Start of Block

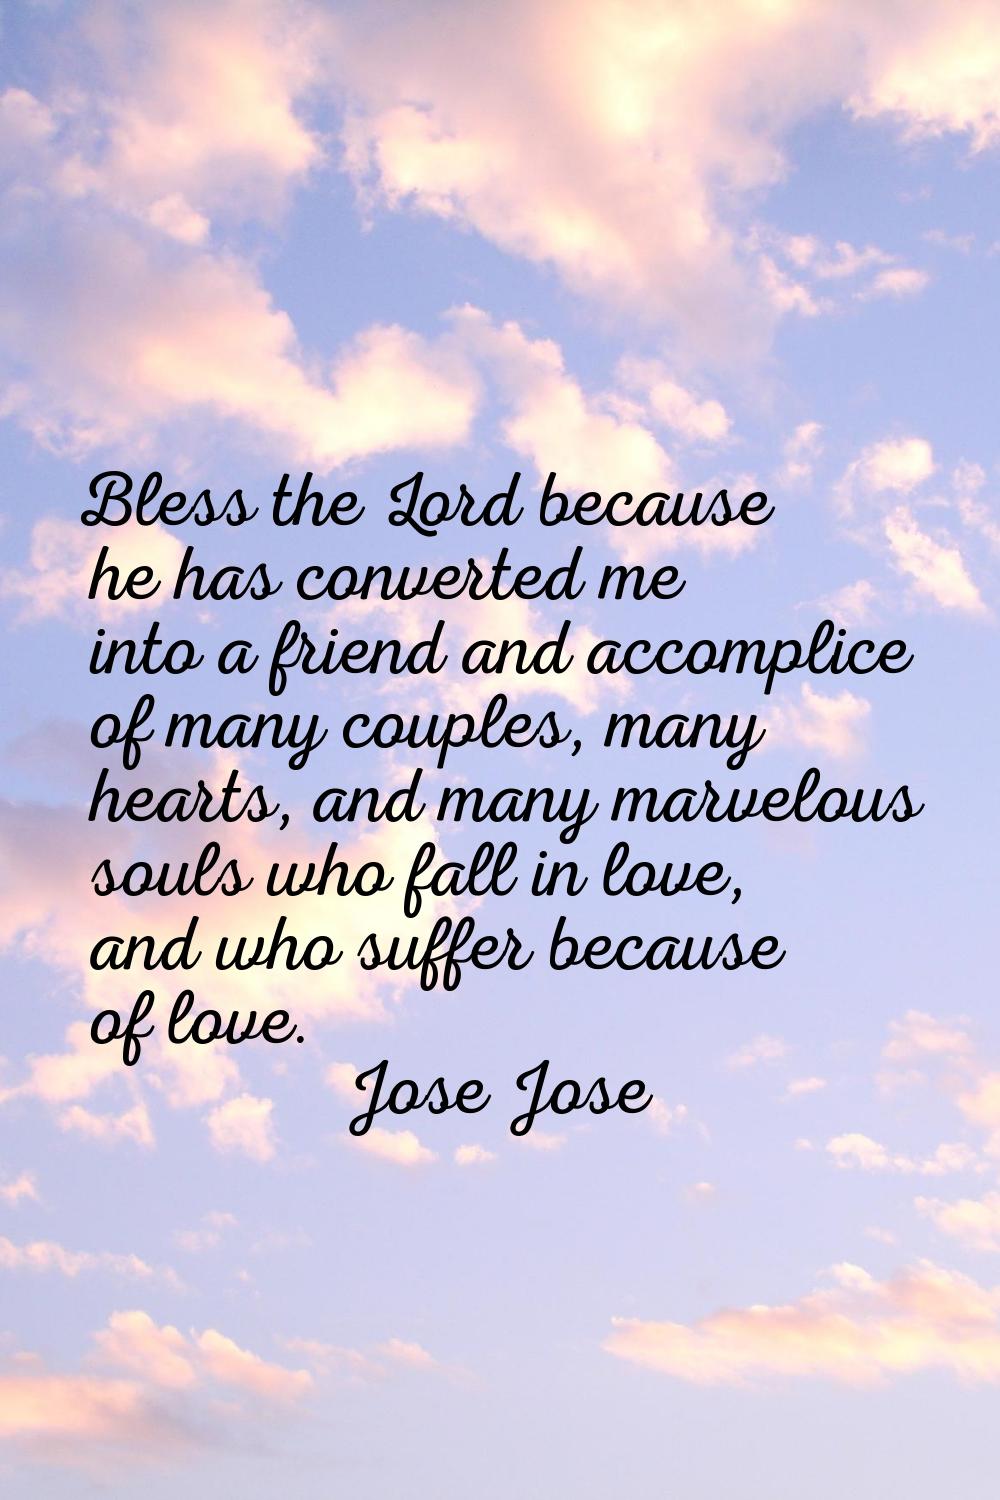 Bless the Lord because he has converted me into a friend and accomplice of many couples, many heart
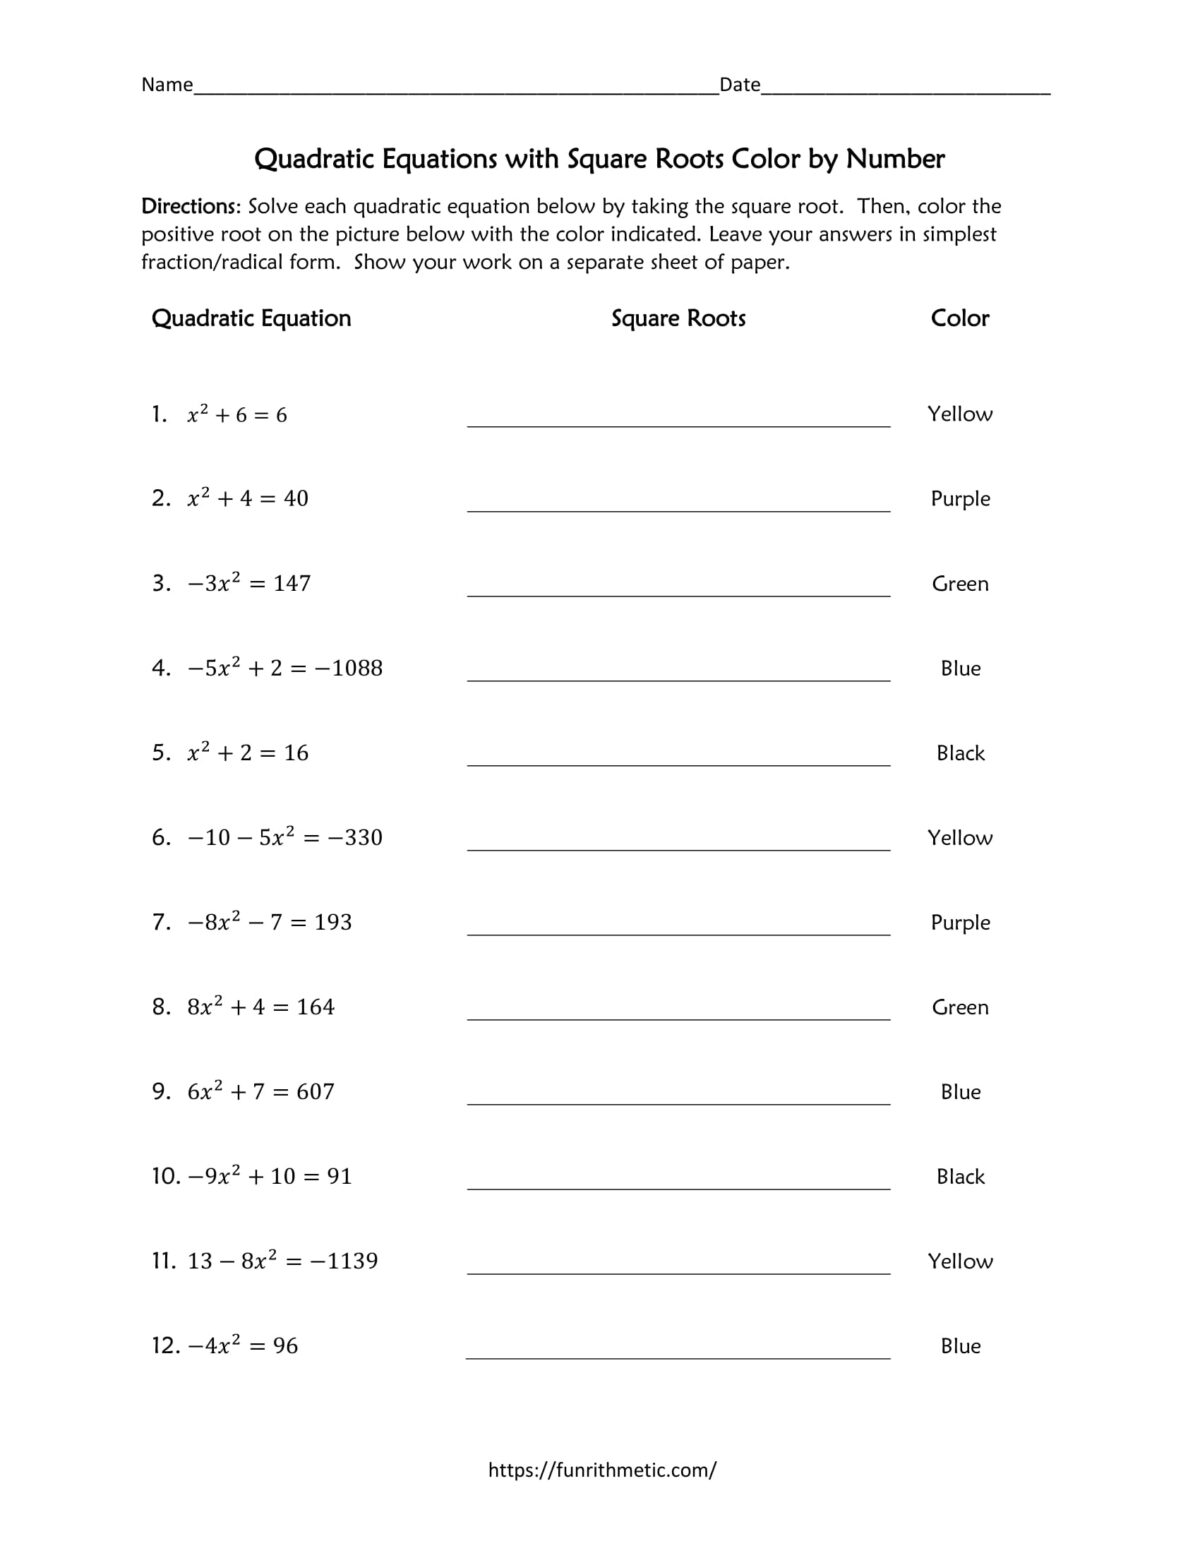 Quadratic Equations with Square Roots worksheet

End of Block
Start of Block

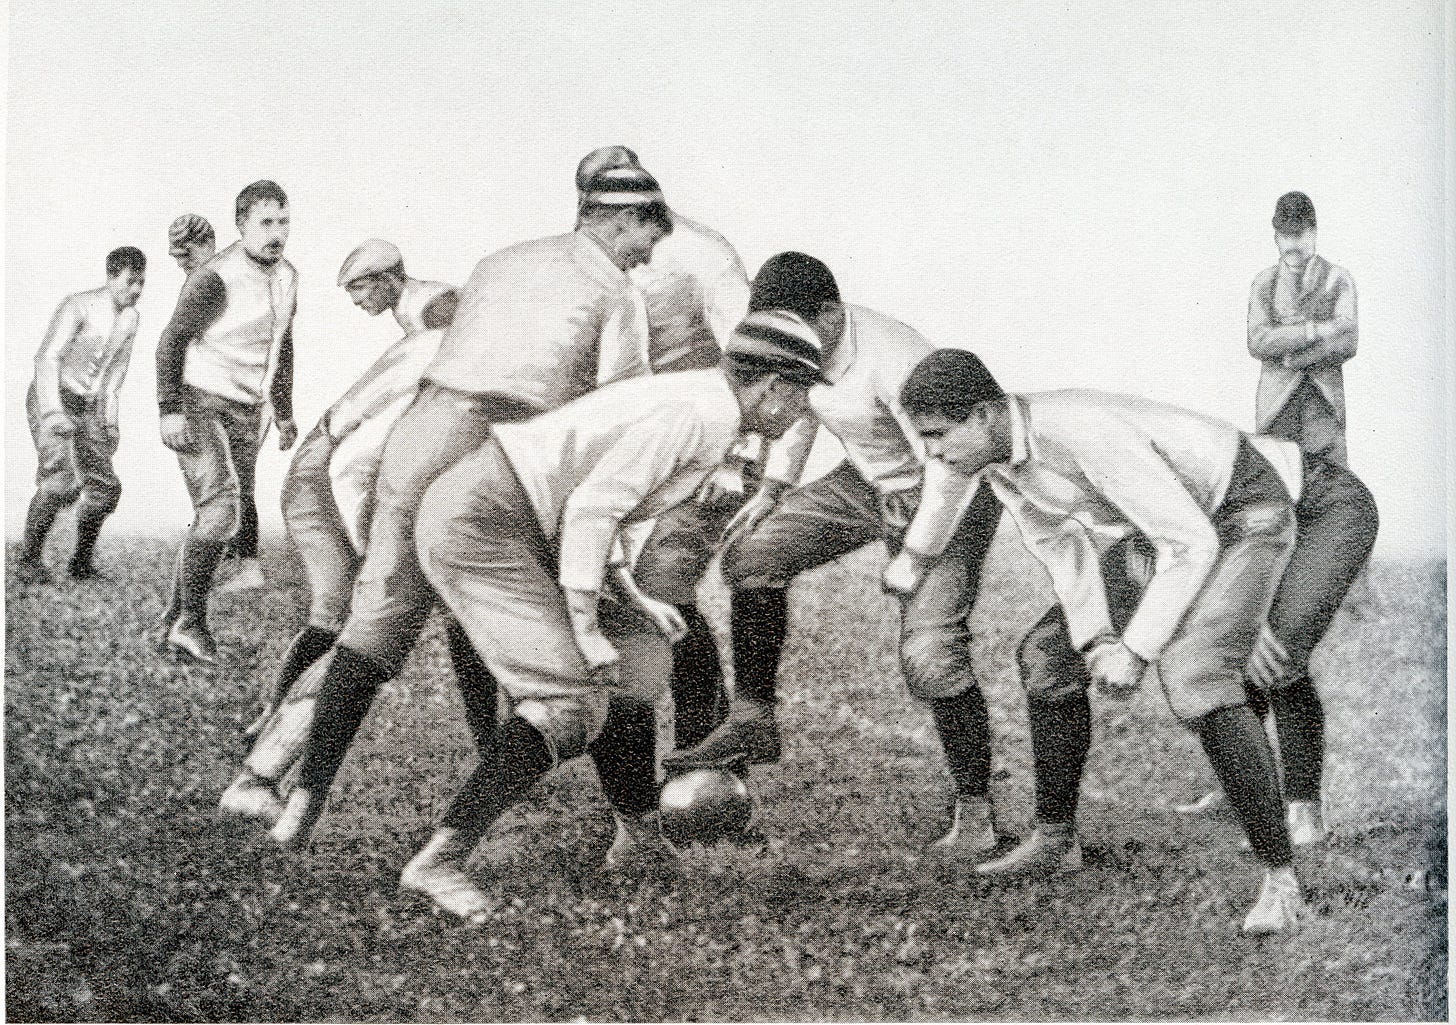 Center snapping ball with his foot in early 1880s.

End of Block

▶ [Problem details]: Please set down, exactly and with no pictures, the lines in the entries above starting at the one holding "Bless the Lord" and ending at the one holding "Quadratic Equations with", ends included.

▶ [Response]:
 Bless the Lord because he has converted me into a friend and accomplice of many couples, many heart
 Quadratic Equations with Square Roots worksheet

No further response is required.